Я выкладываю в «Инстаграм» те фотографии, которые считаю доказательством своей красоты, и затем с одержимостью проверяю лайки, чтобы узнать, согласны ли со мной подписчики. Мне необходимо это больше, чем я признаю. Таким образом я пытаюсь оценить собственную привлекательность как можно более объективно и безжалостно. Мне хочется рассчитать свою красоту, чтобы защитить себя, чтобы точно понять, как много у меня влияния и привлекательности.
Я лежала в постели после секса с парнем, с которым у меня были первые серьезные отношения в старшей школе, когда он начал рассказывать мне о других девочках, с которыми спал. Он описывал их тела, волосы, что ему в них нравилось, я слушала это, внезапно ощутив чувство паники. У меня все внутри перевернулось. Меня пробил пот. Я закидала себя вопросами. Что со мной не так? Почему мое тело так реагирует на то, что мой парень говорит о других девушках, которых он считает привлекательными?
Он рассказывал дальше, а мой низ живота и ягодицы сжались, и я поняла, что это вопрос нескольких минут и мне придется бежать в ванную. Парень не останавливался, не догадываясь, что я свернулась калачиком под тонким одеялом. Я дрожала. А он продолжал: «Она… Ее…» Я кивала и задавала вопросы, изображая безразличие, зная, что позже проведу часы, разглядывая этих девочек, наблюдая за ними в школе, анализируя, в чем мы походили друг на друга и чем различались. Наконец я встала и бросилась в ванную, испугавшись, что больше не смогу сдерживаться. Хоть я и знала, что эти девушки из прошлого моего парня или его воспоминания о них не представляли реальной угрозы для меня, мое тело отреагировало на них именно как на угрозу. Я ненавидела то, что он может счесть кого-то более привлекательной, чем я.

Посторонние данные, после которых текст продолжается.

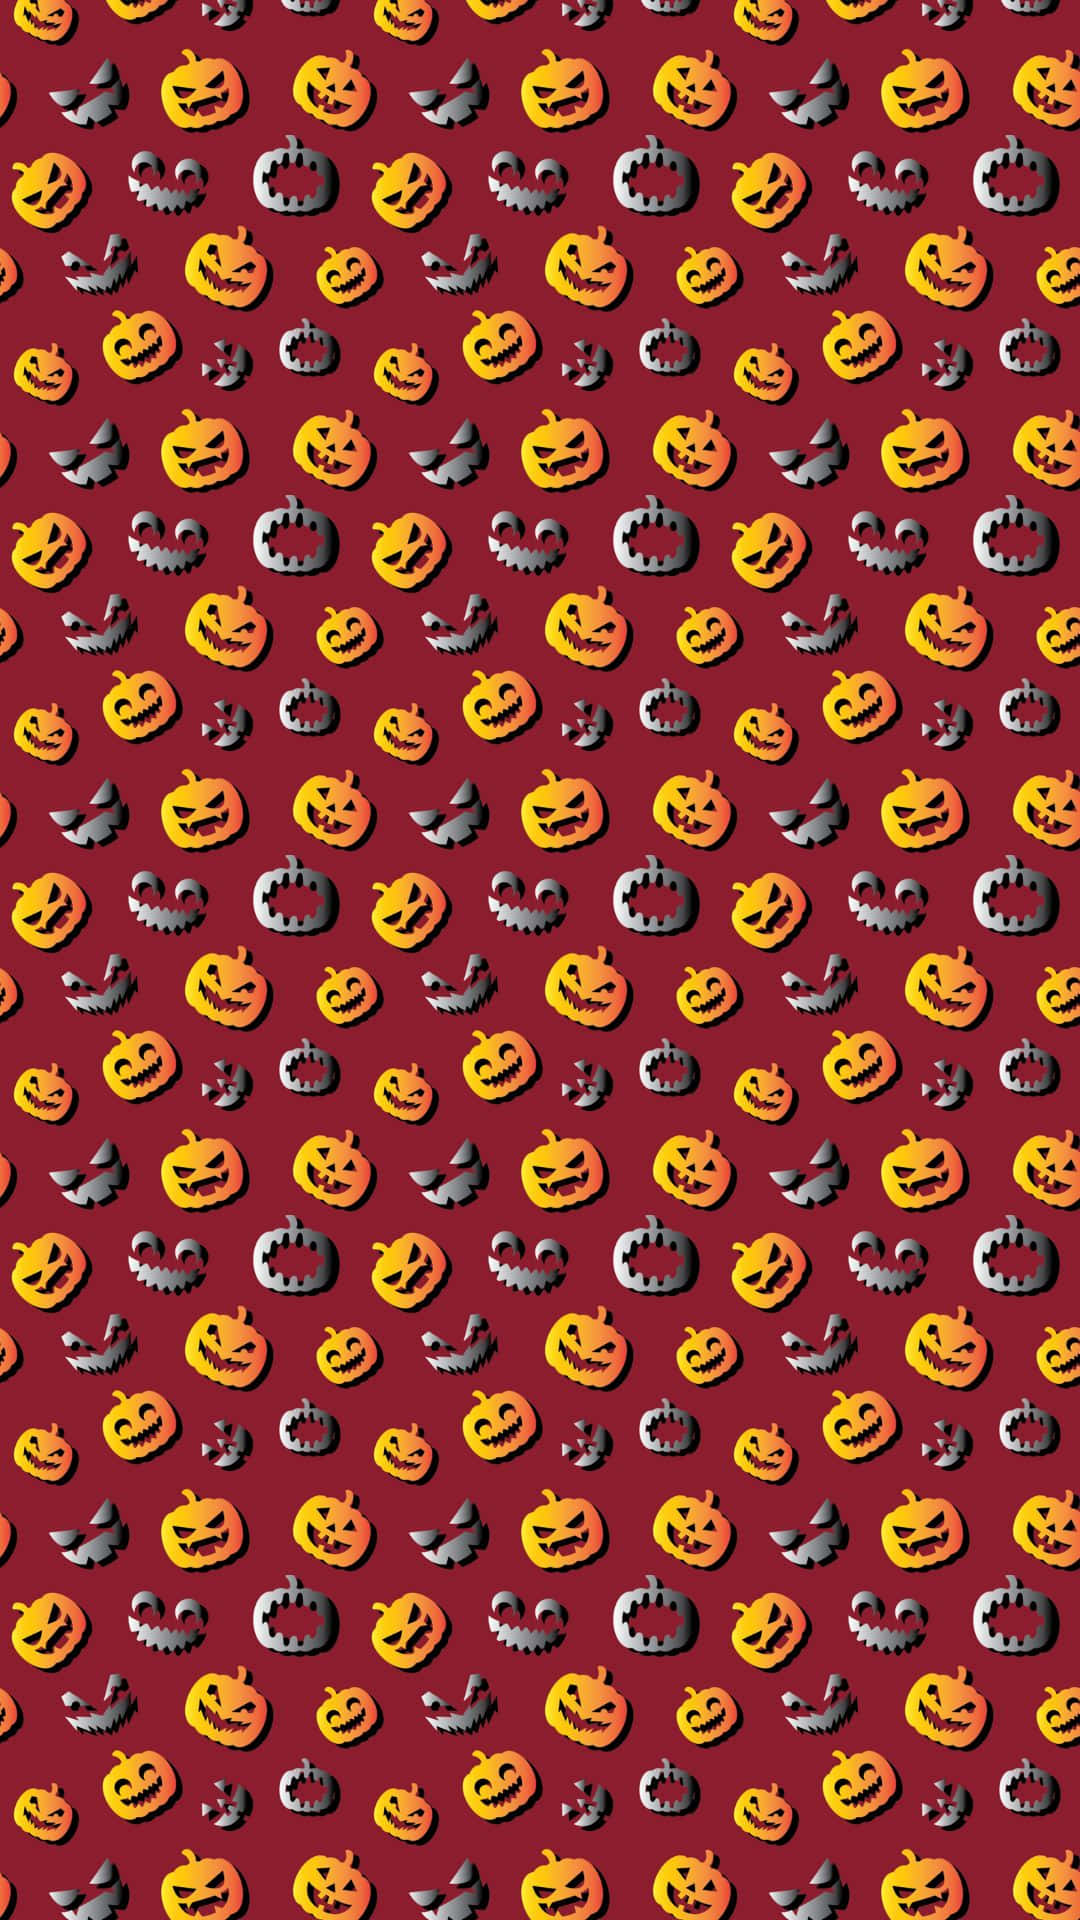 Adorable Festive Pumpkin Wallpaper

Некоторые мамины воспоминания настолько сильны в моей памяти, что иногда я не могу понять, случаи ли это из ее жизни или из моей. Например, история, когда она пошла в женский туалет на вечеринке в самом начале ее отношений с отцом (как она бы сказала). Мама вышла из кабинки и увидела бывшую девушку моего отца, стоявшую напротив широкого зеркала у раковины и мывшую руки. Мама встала рядом с ней. «И я подумала, что ж, вот мы здесь. Такие разные. Понимаешь?» Вот они рядом: две женщины, которых выбрал мой отец. Я представляю их совершенно неподвижными, с прижатыми по бокам руками и ничего не выражающими лицами. Возможно, один из кранов все еще включен. Моя мама почти на 30 сантиметров ниже блондинки, с которой когда-то встречался отец. Бледная кожа на ее широких плечах мерцает, а волосы пахнут соленой водой. Темные вьющиеся волосы моей матери обрамляют ее лицо в форме сердца, а изгибы бедер отчетливо вырисовываются на фоне белого кафеля. Их лица находятся в тени, когда они оценивают себя и друг друга.
Мама любила говорить мне, что всегда хотела такие же волосы, как у меня.
– Как атласная ткань, – восхищалась она, глядя на них и проводя рукой по моей макушке, а я уворачивалась.
– Не надо, мам! – огрызалась я, ненавидя звук своего голоса, пронзавшего воздух.
– Я знаю, знаю, – нараспев произнесла она, – теперь ты подросток, который не хочет, чтобы его трогали, но ты всегда будешь моей малышкой. Всю жизнь я хотела такие же волосы, как у тебя, – повторяла она, тихо, внезапно более серьезно. – Я бы погладила свои волосы на гладильной доске, чтобы они стали прямыми, как у Джейн Ашер, – она смотрела в пустоту, созерцая альтернативную жизнь, мир, где единственное отличие – это текстура волос на ее голове. (Но какая была бы разница! Я могла представить ее слова.)